I will admit, I have been a bit lax on posting compared to usual. I have been reading other blogs and what not, but being that I was feeling pretty badly, I have slacked up a bit. I had my second fill of 1.5 on August 1st, bringing me to 4.5 mL. At first I thought, well wow, this is different...
I was full super quickly on my liquids, then soft diet. Then when I started back to solid foods, I was having a terrible time getting much down. I was getting sick and vomiting. Not PB'ing, but vomiting. I would maybe make it through 2 of 3 meals in a day without incident, and that was typically only if I had things like soup or yogurt or cheese. Finally the straw that broke the camel's back is when I projectile vomited after a few bites of well chewed meat. I decided in that moment that I was going to return to the doctor and have some fluid removed. I needed an adjustment. I should not be looking like Linda Blair in the Exorcist every time that I take a bite of solid food! So it was back to the doc I went.

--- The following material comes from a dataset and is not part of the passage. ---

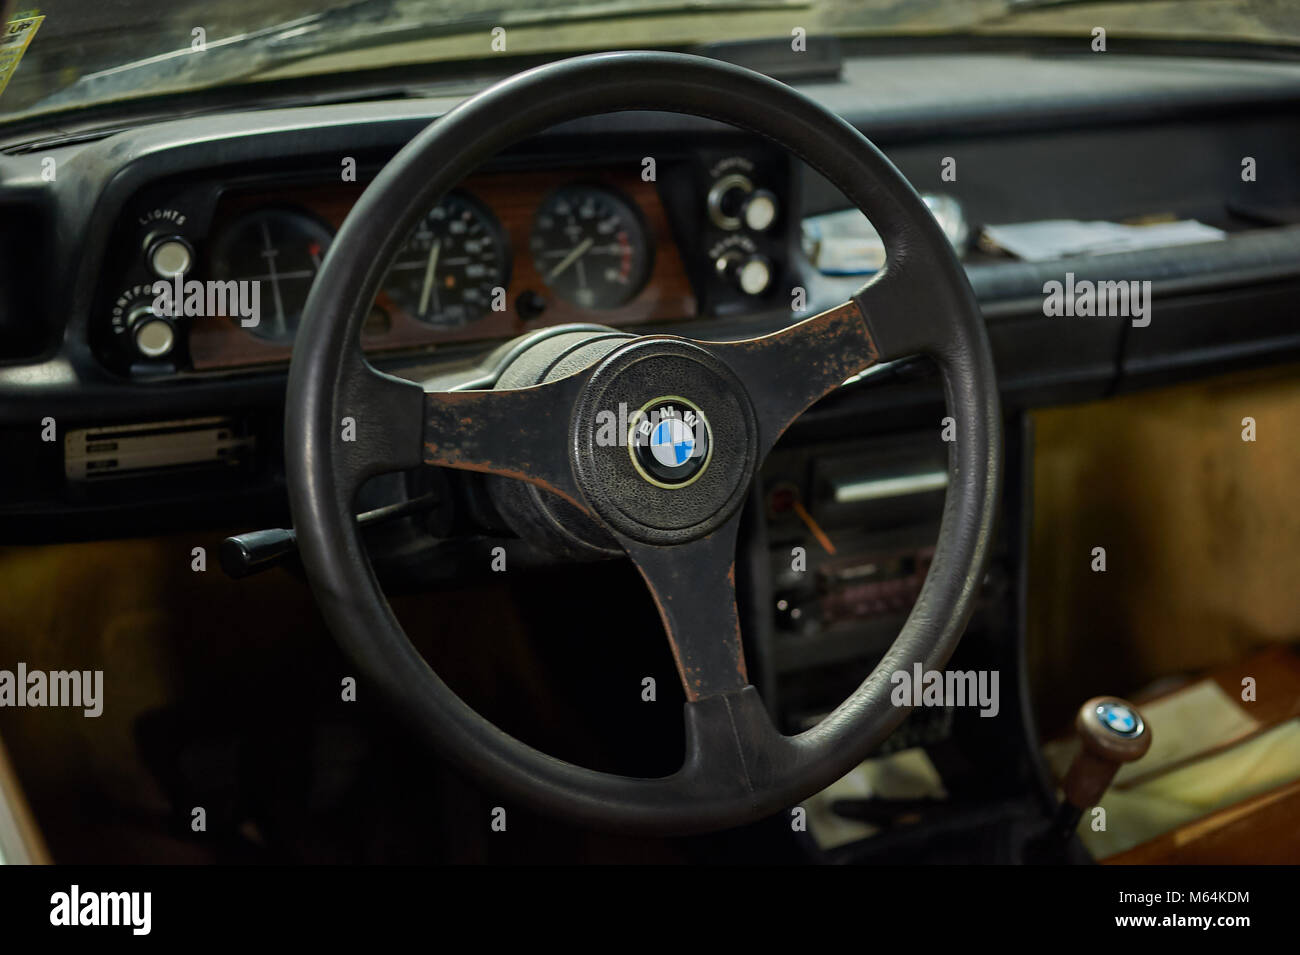 Vintage Bmw Steering Wheel Stock Photo Alamy
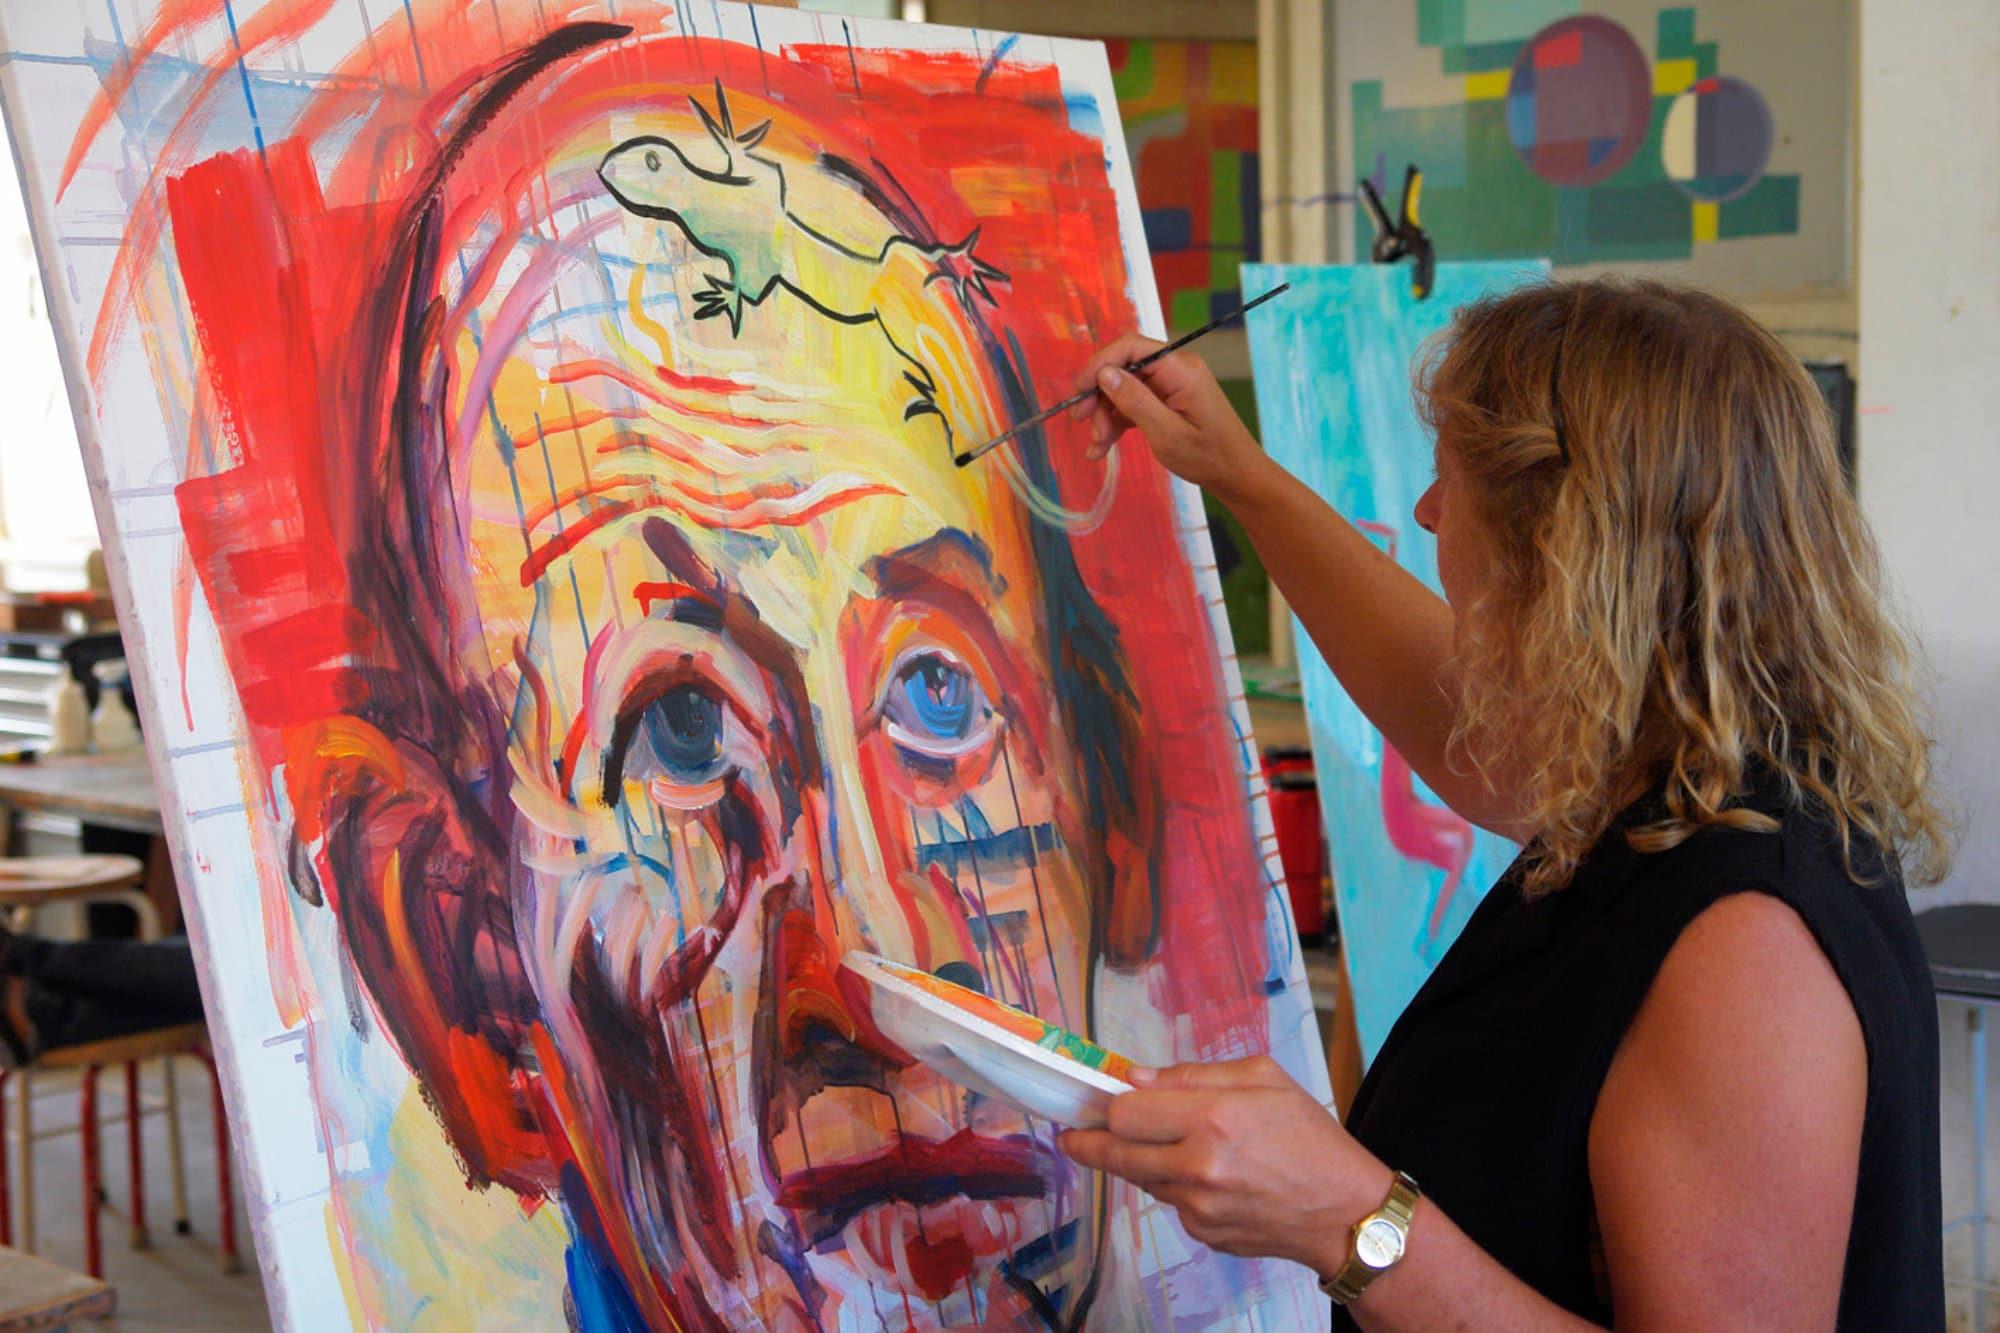 Maleri - Farver og fantasi med Fadavi

I had a bit of an emotional breakdown from being too tight. I already think about this band at a crazy rate. It is on my mind quite often through the day. Any time I think of food, get hungry, make dinner plans, anything related to food... It's all about the band. So it was really emotional for me. I had skipped a friend's birthday dinner because I was so afraid to eat, and they were going to a fondue restaurant and there was sure to be an issue, and I really didn't want to ruin everyone's night by vomiting, with the consistency of fondue dinner and what not. I went to see the nurse practitioner and she felt that taking out a small bit would likely be idea. So we took out 0.5 mL. So I'm at 4.0 and couldn't be happier. I still have restriction, but I can actually eat again. Last night when I ate, there was a moment that I felt that jussssst maybe I might get stuck, but nope. The sensation passed after a couple minutes. Suddenly I felt like I had arrived at the place the I have been looking for. Restriction without pain, and tight enough to do the job. I couldn't be happier. I am currently at 252 lbs. and that means I have lost a total of 35 lbs. Still 52 lbs from Onederland, but I will take my small victories where I can get them.
Thanks to you all for the support and advice along the way. I'm feeling well and look forward to the journey being a little less stressful for a while.